AnandTech Storage Bench - The Destroyer

The Destroyer has been an essential part of our SSD test suite for nearly two years now. It was crafted to provide a benchmark for very IO intensive workloads, which is where you most often notice the difference between drives. It's not necessarily the most relevant test to an average user, but for anyone with a heavier IO workload The Destroyer should do a good job at characterizing performance.

AnandTech Storage Bench - The Destroyer
Workload Description Applications Used
Photo Sync/Editing Import images, edit, export Adobe Photoshop CS6, Adobe Lightroom 4, Dropbox
Gaming Download/install games, play games Steam, Deus Ex, Skyrim, Starcraft 2, BioShock Infinite
Virtualization Run/manage VM, use general apps inside VM VirtualBox
General Productivity Browse the web, manage local email, copy files, encrypt/decrypt files, backup system, download content, virus/malware scan Chrome, IE10, Outlook, Windows 8, AxCrypt, uTorrent, AdAware
Video Playback Copy and watch movies Windows 8
Application Development Compile projects, check out code, download code samples Visual Studio 2012

The table above describes the workloads of The Destroyer in a bit more detail.

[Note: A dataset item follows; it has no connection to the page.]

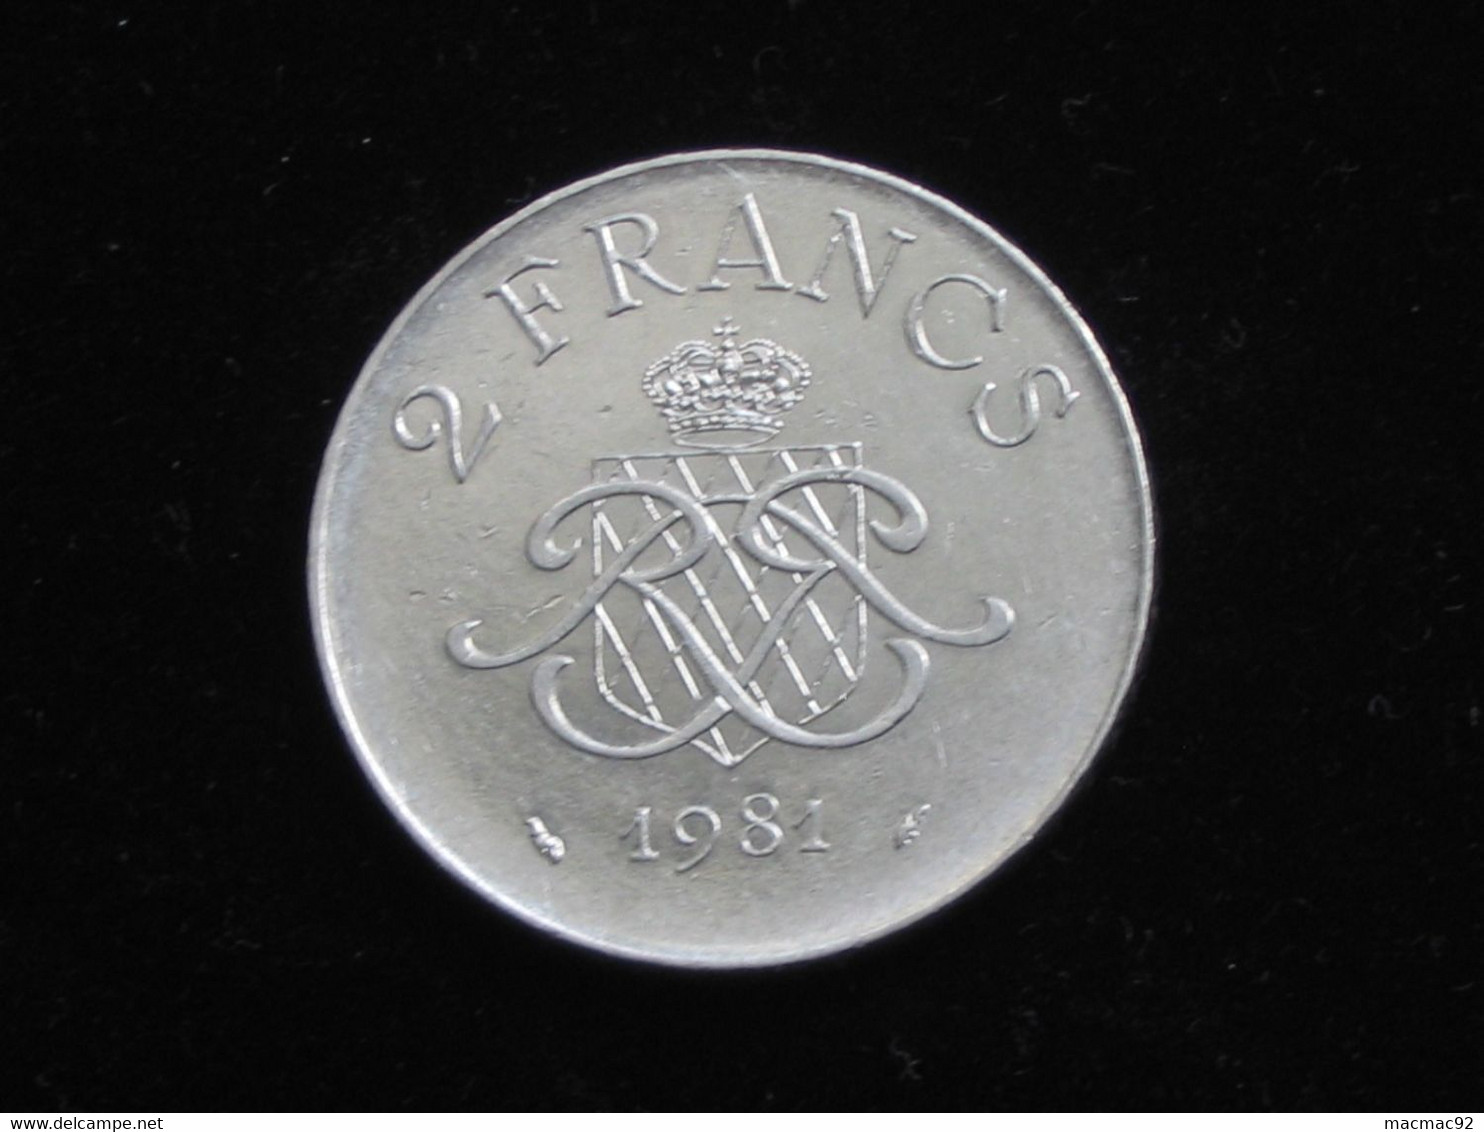 MONACO - 2 Francs 1981 - Rainier III Prince De Monaco **** EN ACHAT IMMEDIAT **** - 1949-1956 Francos Antiguos

Most of the workloads are run independently in the trace, but obviously there are various operations (such as backups) in the background. 

AnandTech Storage Bench - The Destroyer - Specs
Reads 38.83 million
Writes 10.98 million
Total IO Operations 49.8 million
Total GB Read 1583.02 GB
Total GB Written 875.62 GB
Average Queue Depth ~5.5
Focus Worst case multitasking, IO consistency

The name Destroyer comes from the sheer fact that the trace contains nearly 50 million IO operations. That's enough IO operations to effectively put the drive into steady-state and give an idea of the performance in worst case multitasking scenarios. About 67% of the IOs are sequential in nature with the rest ranging from pseudo-random to fully random. 

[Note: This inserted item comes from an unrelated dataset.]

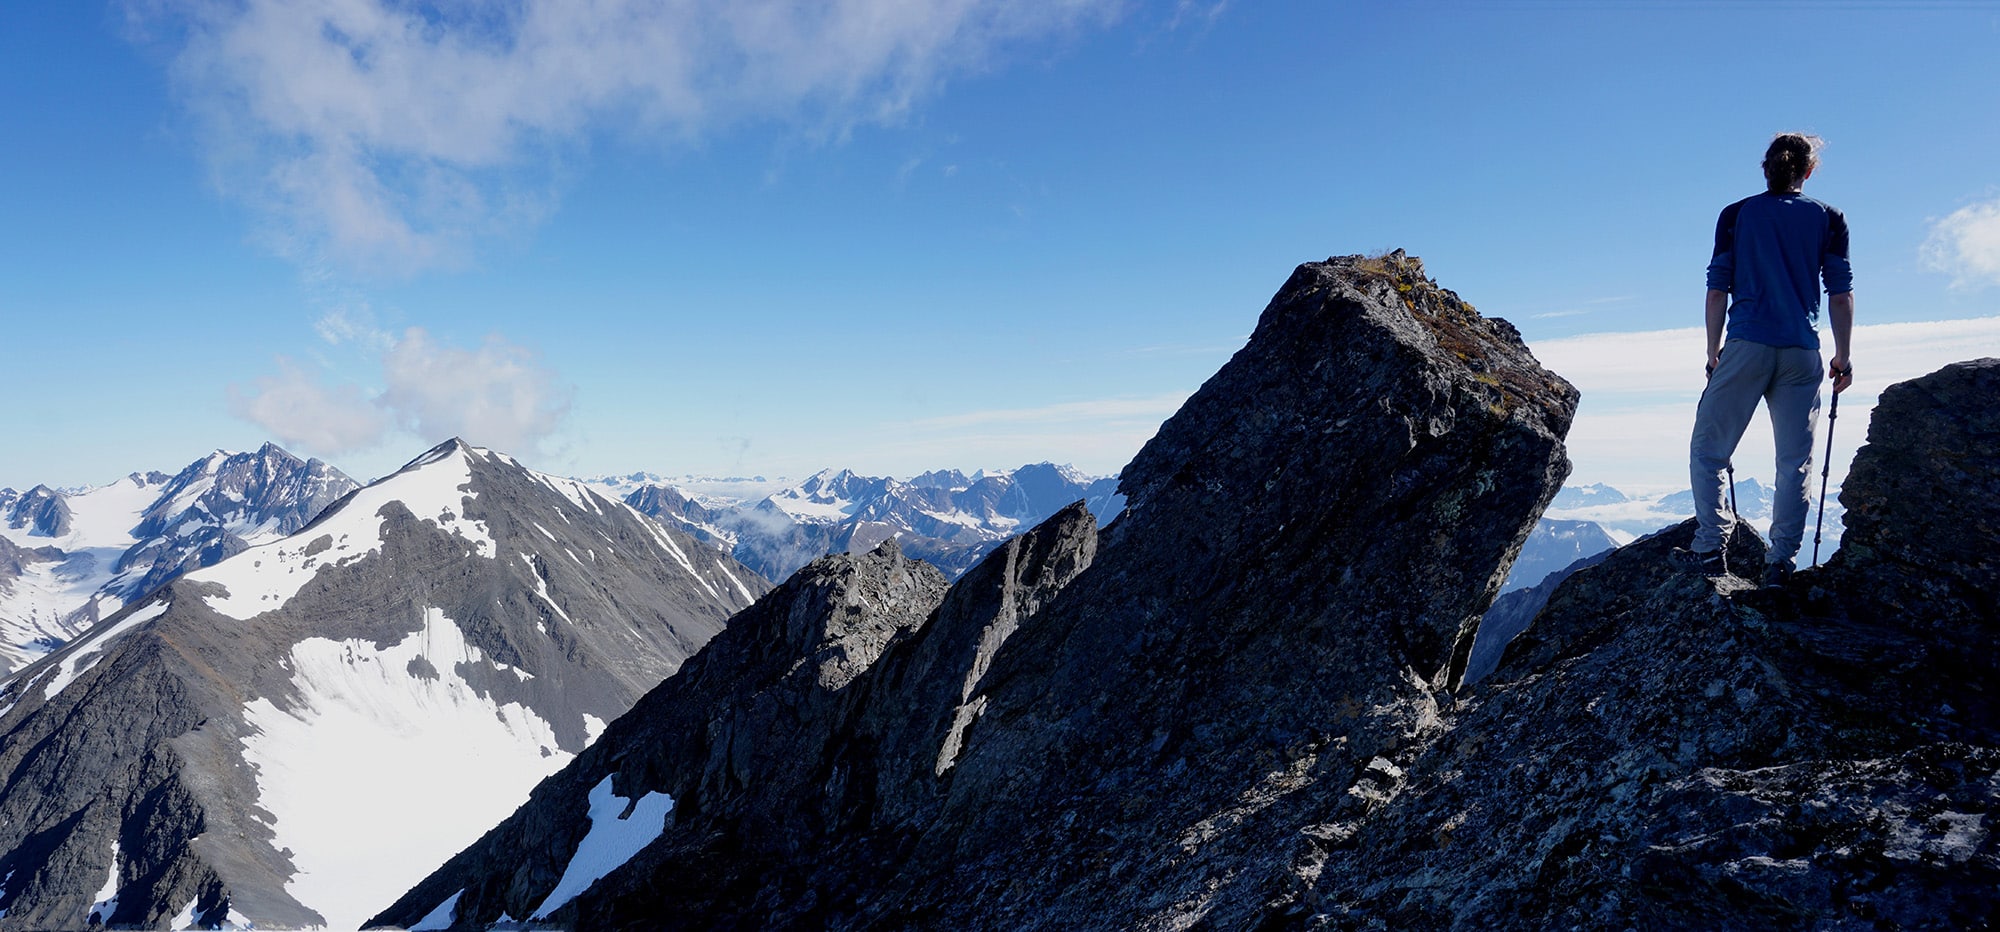 The summit of Solars Mountain on the Kenai Peninsula in Alaska

AnandTech Storage Bench - The Destroyer - IO Breakdown
IO Size <4KB 4KB 8KB 16KB 32KB 64KB 128KB
% of Total 6.0% 26.2% 3.1% 2.4% 1.7% 38.4% 18.0%

I've included a breakdown of the IOs in the table above, which accounts for 95.8% of total IOs in the trace. The leftover IO sizes are relatively rare in between sizes that don't have a significant (>1%) share on their own. Over a half of the transfers are large IOs with one fourth being 4KB in size.

AnandTech Storage Bench - The Destroyer - QD Breakdown
Queue Depth 1 2 3 4-5 6-10 11-20 21-32 >32
% of Total 50.0% 21.9% 4.1% 5.7% 8.8% 6.0% 2.1% 1.4%

Despite the average queue depth of 5.5, a half of the IOs happen at queue depth of one and scenarios where the queue depths is higher than 10 are rather infrequent. 

The two key metrics I'm reporting haven't changed and I'll continue to report both data rate and latency because the two have slightly different focuses. Data rate measures the speed of the data transfer, so it emphasizes large IOs that simply account for a much larger share when looking at the total amount of data. Latency, on the other hand, ignores the IO size, so all IOs are given the same weight in the calculation. Both metrics are useful, although in terms of system responsiveness I think the latency is more critical. As a result, I'm also reporting two new stats that provide us a very good insight to high latency IOs by reporting the share of >10ms and >100ms IOs as a percentage of the total.

AnandTech Storage Bench - The Destroyer (Data Rate)

In terms of throughput, the SSD 750 is actually marginally slower than the SM951, although when you look at latency the SD 750 wins by a large margin. The difference in these scores is explained by Intel's focus on random performance as Intel specifically optimized the firmware for high random IO performance, which does have some impact on the sequential performance. As I've explained above, data rate has more emphasis on large IO size transfers, whereas latency treats all IOs the same regardless of their size.

AnandTech Storage Bench - The Destroyer (Latency)

The number of high latency IOs is also excellent and in fact the best we have tested. The SSD 750 is without a doubt a very consistent drive.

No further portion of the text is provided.